Not the first notebook I ever had, that is a long forgotten memory. I can hazard a guess it was probably a Silvine brand notebook with lined pages and a stitched spine.

This first notebook is my first attempt at scratch building a Midori style traveller's notebook.

I've touched on this in an earlier post, so I'll try not to digress too much.

Having entered the world of the Traveller's Notebook, I'm struck by the ethos of flexibility it generates amongst user and aficionados. I have become a fan, and will spend time tinkering with the mechanics of compiling, assembling, binding and trimming the components of the refills. Right down to securing the signature spines with a pamphlet stitch. 

A reasonable achievement for me, my track record with a needle and thread lies with lashing things together, rather than sewing.

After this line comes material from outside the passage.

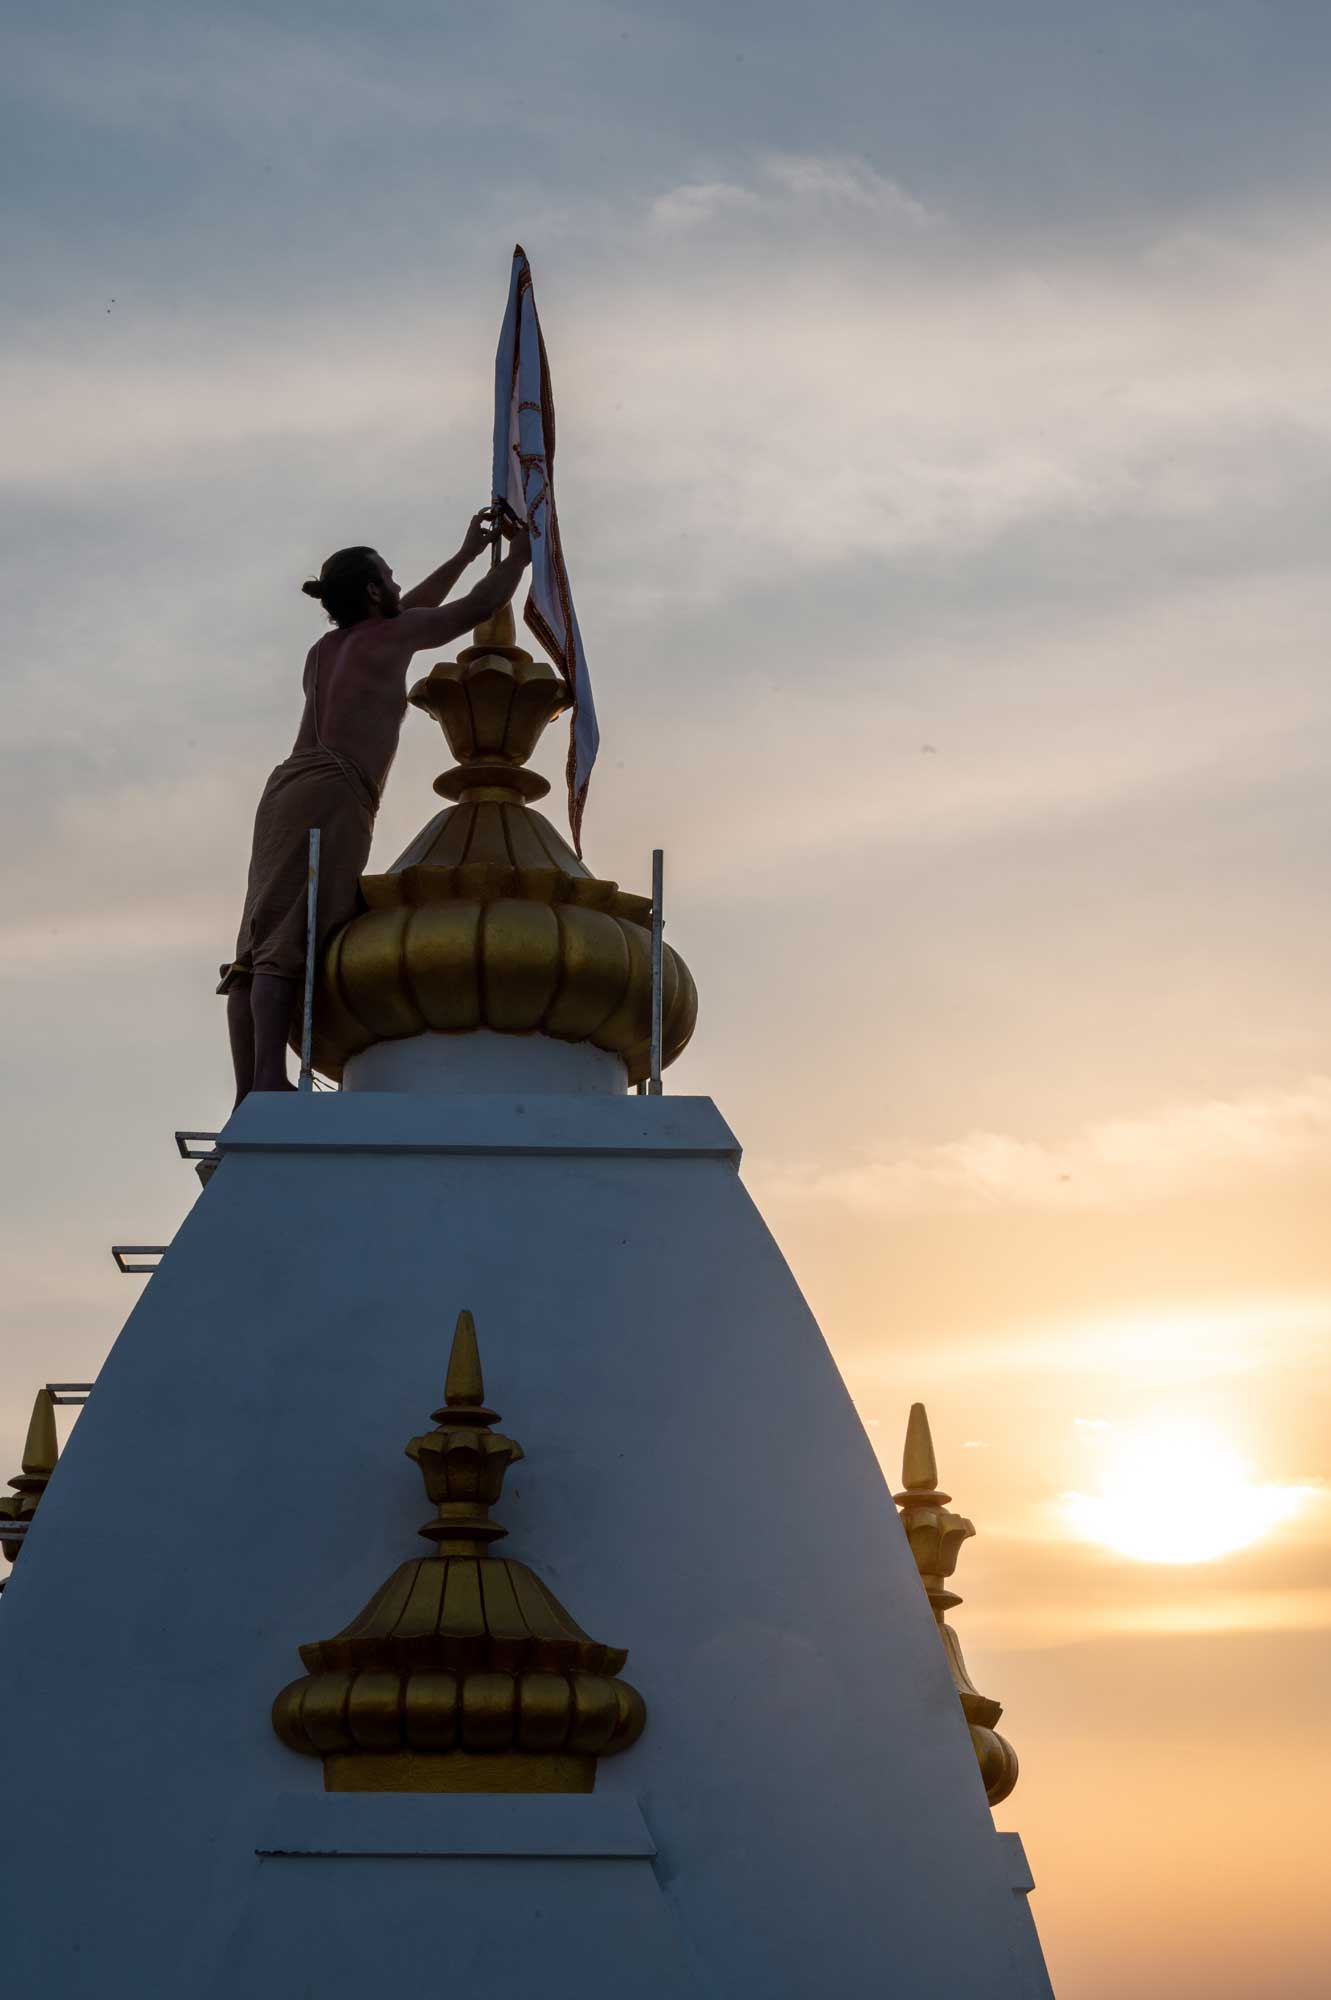 Rupanuga Bhajan Ashram Flag Hoisting on Temple Dome

The relatively simple matter of lining up the holes for the stitching and the spine of the outer cover caused a bit of headscratching. A basic card template helped. Unfolding the papers and laying them flat after the initial fold usually meant one or more holes were misaligned. 

I needed a cradle. A simple V shape to drop the pages and the template in together with as little distortion or displacement as possible.

The inspiration lay with Wallace and Gromit, erstwhile heroes of "A Grand Day Out," "Wrong Trousers." "The Curse of the WereRabbit," etc,

An old biscuit tin on top of he bookcase stamped with an impression of the characters holding electrical bits contains pieces of Meccano. An engineering construction toy from way back. 

Working - playing - with Meccano is a noisy job, especially when the bits are in a biscuit tin. Digging through the metal parts looking for the right one.

I spent a while nosing around the Internet, especially Pinterest, picking up ideas and wound up with a vague idea of what I wanted, and how I might do it, nothing planned, a sort of picture in my head and little else to do for a couple of hours. 

The Meccano built the base, the cradle, and the bed where the paper would lie came next.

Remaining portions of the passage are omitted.